Roland seemed to have regained some of his old serenity, his weird equilibrium. “We have a proverb in my country, Susannah: ‘The wise thief always prospers.’” “I don’t see nothing wise about stealing a bunch of paste jewelry,” she said sharply.
“Were you ever caught?”
“No—”
He spread his hands as if to say, there you have it. “So for Detta Walker, the Drawers were bad places?” Eddie asked. “Is that right? Because it doesn’t exactly feel right.”
“Bad and good at the same time. They were powerful places, places where she . . . she reinvented herself; I suppose you could say . . . hut they were lost places, too. And this is all off the subject of Roland’s ghost-boy, isn’t it?” “Maybe not,” Roland said. “We had Drawers as well, you see, in my world. It was slang for us, too, and the meanings are very similar.” “What did it mean to you and your friends?” Eddie asked. “That varied slightly from place to place and situation to situation. It might mean a trash-midden. It might mean a whorehouse or a place where men came to gamble or chew devil-weed. But the most common’ meaning that I know is also the simplest.”
He looked at them both.
“The Drawers are places of desolation,” he said. “The Drawers are the waste lands.”
THIS TIME SUSANNAH THREW more wood on the fire. In the south, Old Mother blazed on brilliantly, not flickering. She knew from her school studies what that meant: it was a planet, not a star. Venus? She wondered. Or is the solar system of which this world is a part as different as everything else? Again that feeling of unreality—the feeling that all this must surely be a dream—washed over her.
“Go on,” she said. “What happened after the voice warned you about the Drawers and the little boy?”

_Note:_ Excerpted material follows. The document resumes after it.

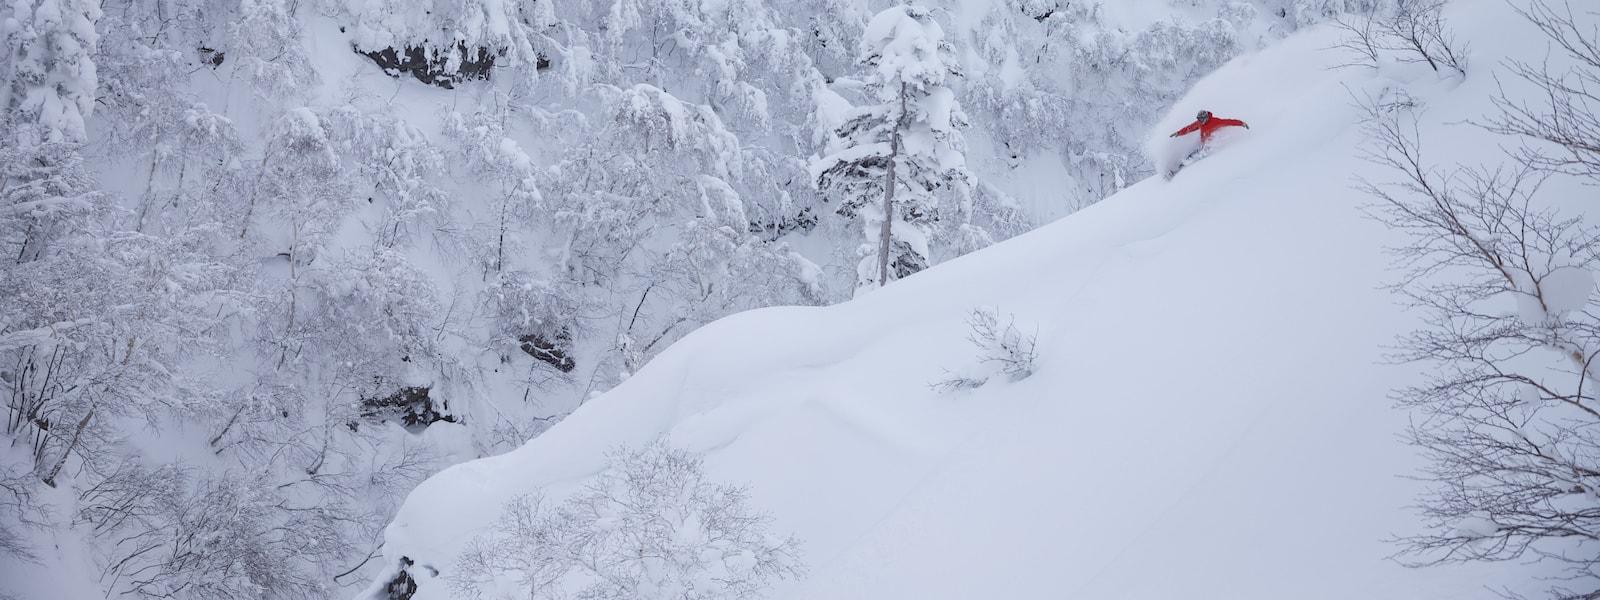 hakuba snowboarding (p.c. @Welsh)

“I punched my hand into the hole the sand had come from, as I was taught to do if such a thing ever happened to me. What I plucked forth was a jawbone . . . but not this one. The jawbone I took from the wall of the way station was much larger; from one of the Great Old Ones, I have almost no doubt.” “What happened to it?” Susannah asked quietly. “One night I gave it to the boy,” Roland said. The fire painted his cheeks with hot orange highlights and dancing shadows. “As a protec-tion—a kind of talisman. Later I felt it had served its purpose and threw it away.” “So whose jawbone you got there, Roland?” Eddie asked. Roland held it up, looked at it long and thoughtfully, and let it drop back. “Later, after Jake . . . after he died … I caught up with the men I had been chasing.”